Diante das tensões exercidas por estas forças é que a história do MARSUL vai se moldando e chega os dias atuais. A força científica, que outrora era a uníssona na gestão, foi suplantada pela força política do Estado que, diante da tensão política da força Município, requereu a intervenção no Museu. As razões e as versões são controversas, mas o que se colhe em depoimentos, é que Miller teria sido arrancado pela Brigada Militar após frustar as tentativas das forças políticas de "colonizar" o Museu e suas pesquisas, que até então eram financiadas pelo Instituto Smithsoniano. A partir deste episódio truculento, a instituição ficou cada vez mais a mercê das forças políticas, tanto estaduais quanto municipais, que parecem desconhecer o real valor científico e cultural do acervo contido naquele prédio. Mesmo que muitas vezes os diretores ou diretoras do Museu tenham sido técnicos de formação, as descontinuidades, tanto técnicas quanto políticas prejudicaram muito a gestão, atingindo inclusive ao acervo. A partir do final dos anos 1980, o Museu e a área são abertos para visitação pública, numa mudança de paradigma,  experimentando um sucesso entre a população da região que passou a conhecer tanto o espaço, no sentido de recreação na área,  quanto as atividades de pesquisas arqueológicas do MARSUL. No entanto, as pesquisas arqueológicas passaram, a partir daí, a perder espaço enquanto objetivo devido à colonização das forças políticas sobre a força científica. Tanto a comunidade local, impulsionadas pelas forças políticas locais, quanto as forças políticas regionais, passaram a ver como objetivo primeiro do MARSUL a recreação tendo como a arqueologia apenas como fundo temático.

Em 2009 o Governo do Estado firma um convênio com o Município de Taquara, onde cede toda a gestão e manutenção do MARSUL. Como resultado, no mesmo ano, o MARSUL foi interditado pelo Ministério Público Federal a pedido do IPHAN, pela situação de risco sobre o acervo e sobre as pessoas, devido aos entulhos empilhados em suas dependências pela Prefeitura. Desde a década 1990, o Governo do Estado vem tensionando pela extinção, terceirização ou cedência do Museu, diante do ideário estado mínimo que prega a redução do número de instituições públicas mantidas pelo Erário. O Município de Taquara, desde final dos anos 2000, vem utilizando o prédio que era destinado à administração, biblioteca e auditório do Marsul para instalação do Museu Histórico Municipal e o prédio do acervo arqueológico, o prédio da Reserva Técnica, a prefeitura vem utilizando como depósito de sucatas, entulhos, almoxarifado, oficina e arquivo morto.

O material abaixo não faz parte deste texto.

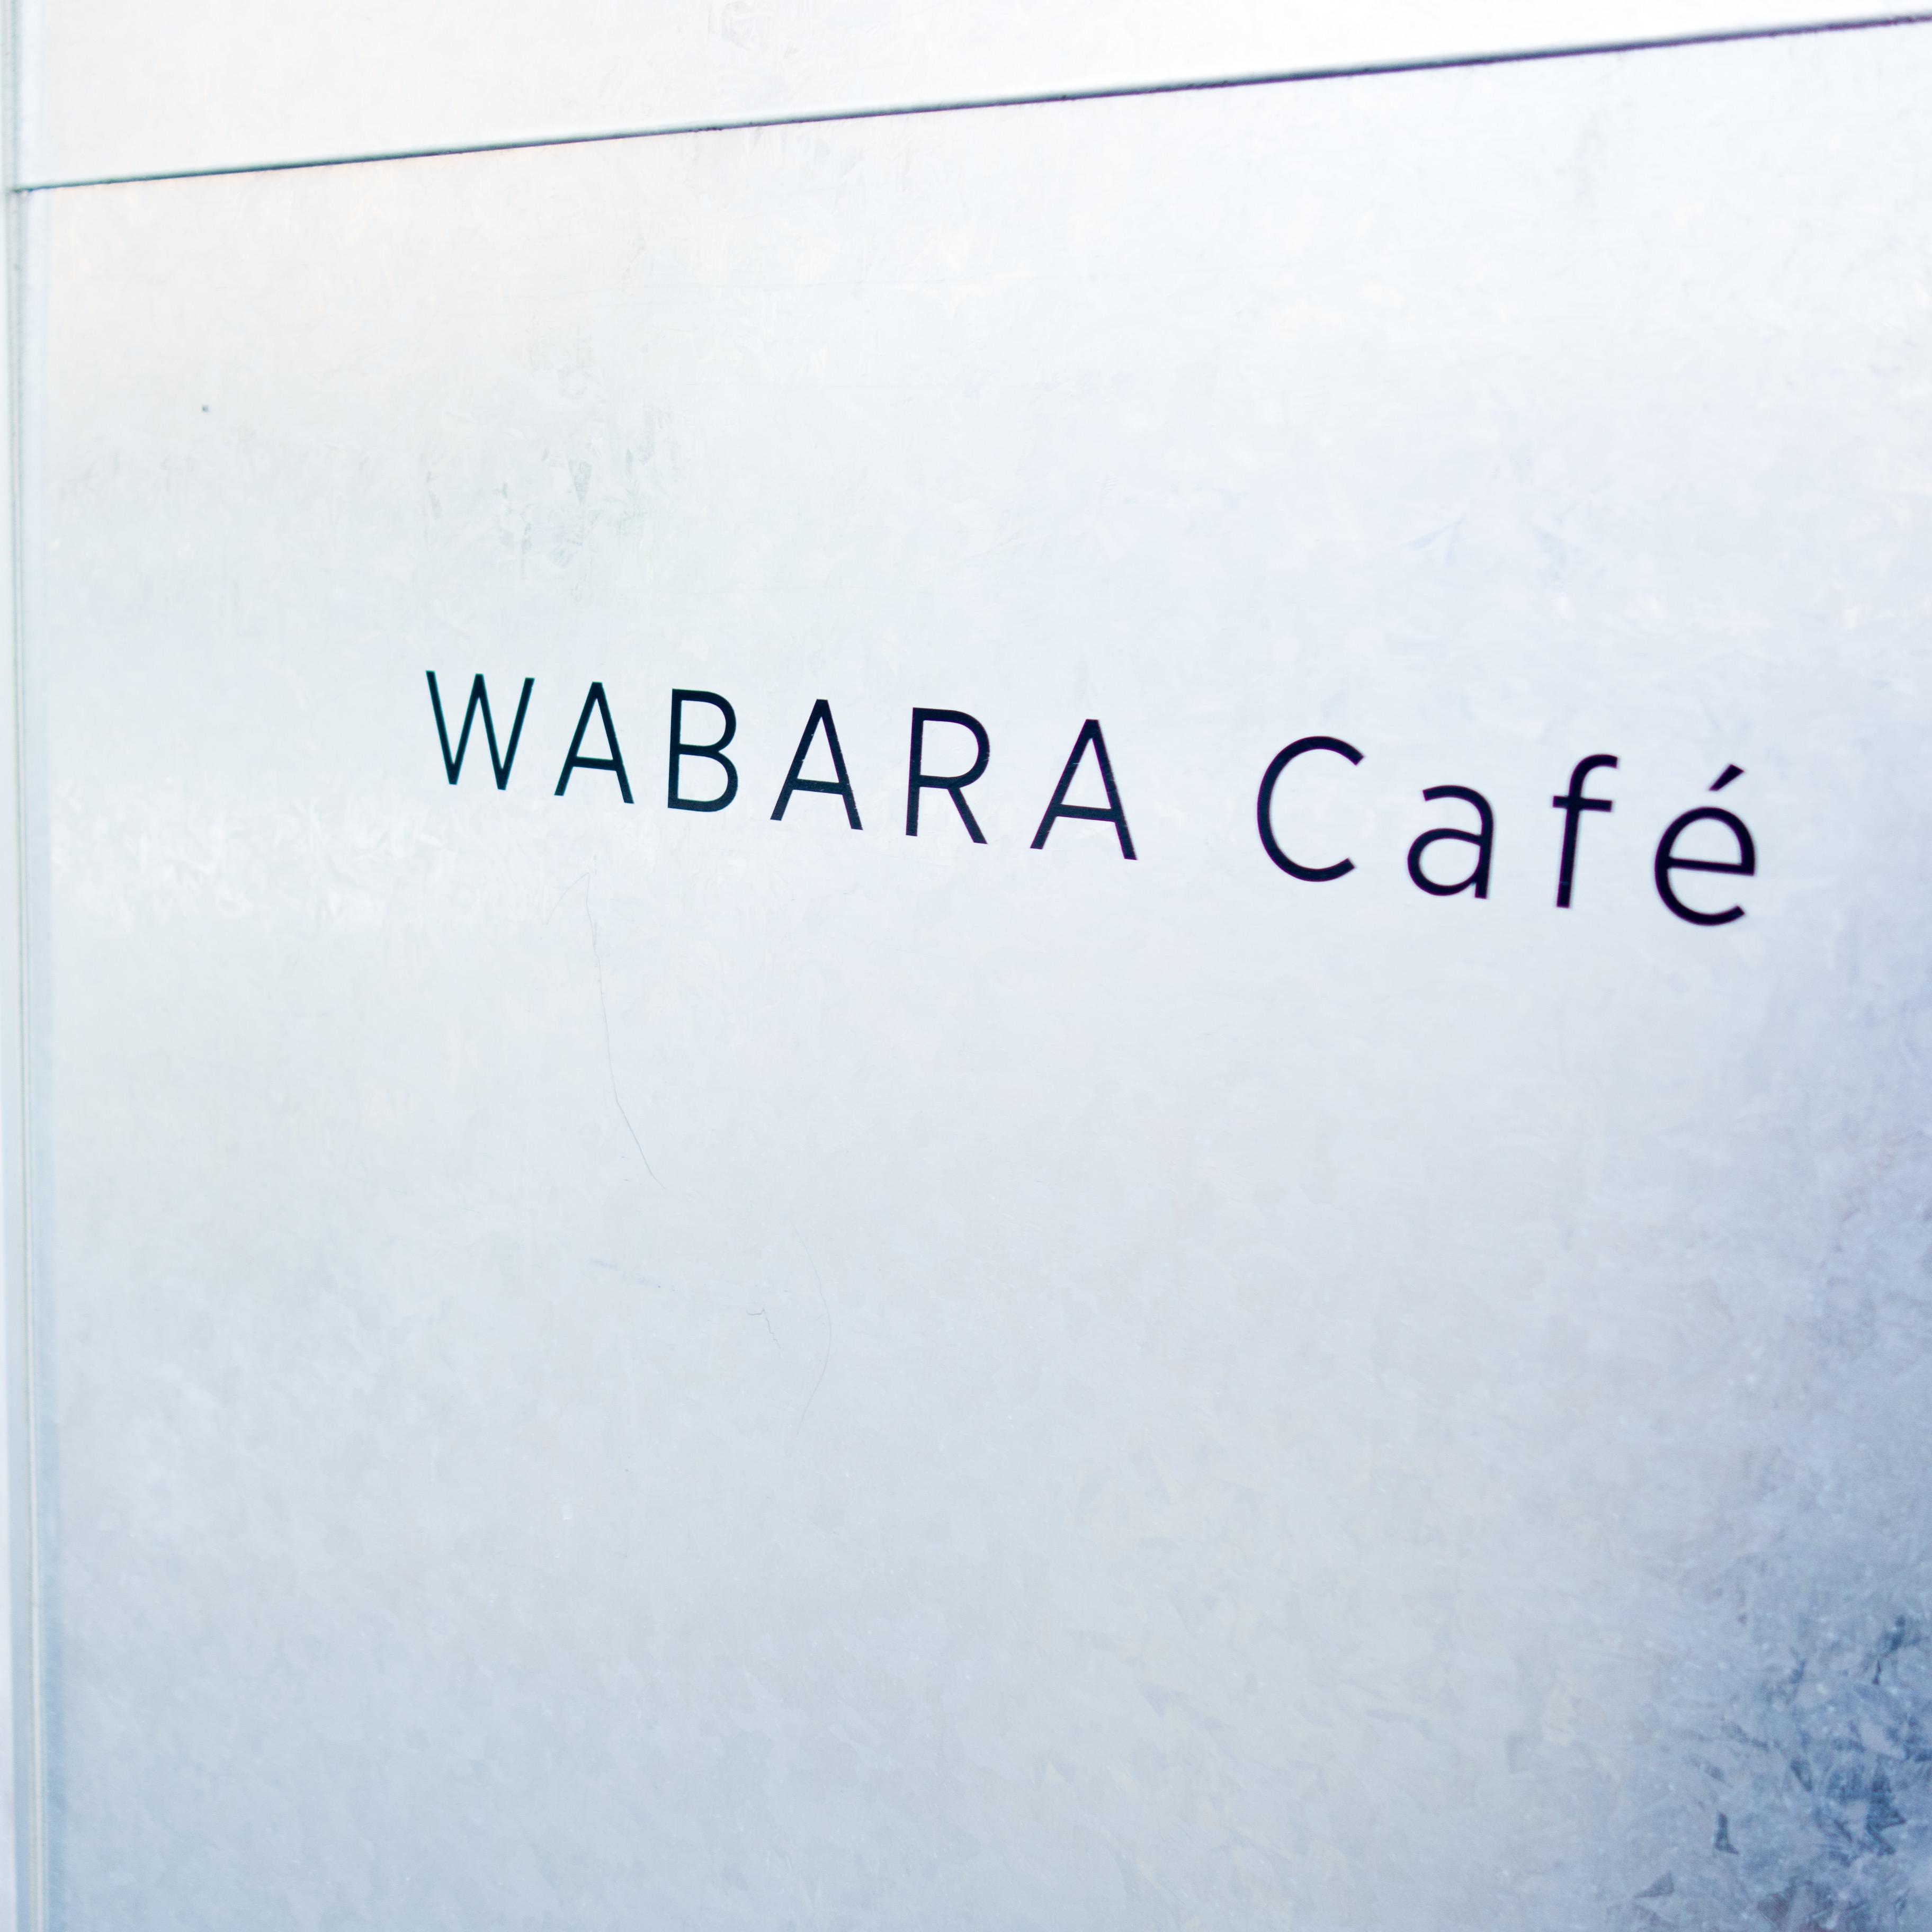 wabara cafe
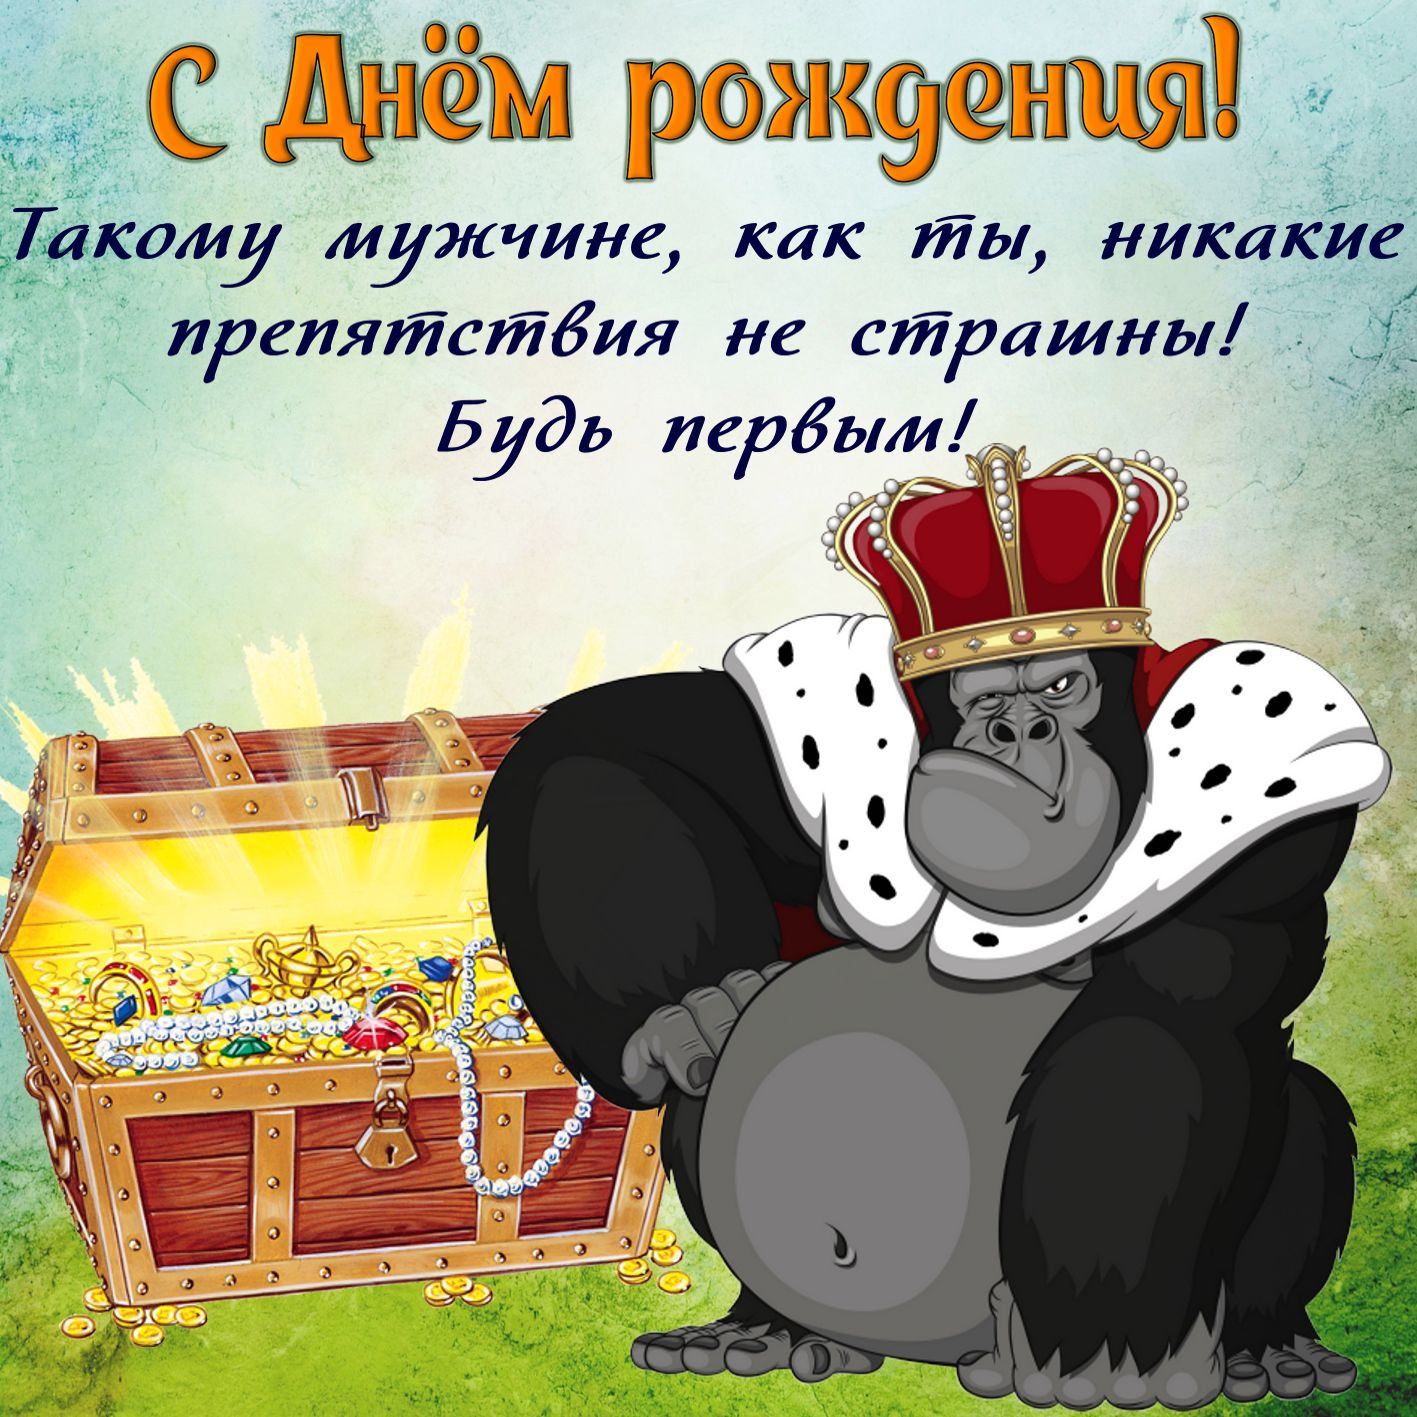 Прикольное поздравление с днем рождения пацану другу

Fica evidente que as forças políticas tensionam em direção oposta à força científica. Estas forças políticas, por meio da velha politicagem de compadrio e apadrinhamento, muito conhecida na história e cultura política brasileira, minaram toda a capacidade de produção científica do MARSUL, que gerou consequências óbvias de identidade da instituição. Afinal, um Museu Arqueológico sem atividades de pesquisa, perde o sentido de existir. A falta de identidade, gera a sensação "peso morto" nas costas do Estado que permite, por parte do Município, a tensão pela apropriação dos prédios e da área. Em suma, as forças políticas são complementares, uma quer se livrar e a outra quer se apropriar, enquanto a força científica não produz efeitos sobre a gestão.

Esta situação acabou gerando uma ação judicial que gerou uma condenação do Governo do Estado, fincando este obrigado a recuperar os prédios do Museu. No entanto, as ações judiciais ainda não alcançaram o âmago do problema do MARSUL, aquilo que podemos denominar de "insegurança institucional"! Situação em que as forças políticas tencionam e afogam a força científica, proporcionando uma enorme confusão sobre os limites e os papéis de cada ator sobre o espaço, causando a real situação de risco àquele importantíssimo acervo arqueológico e documental.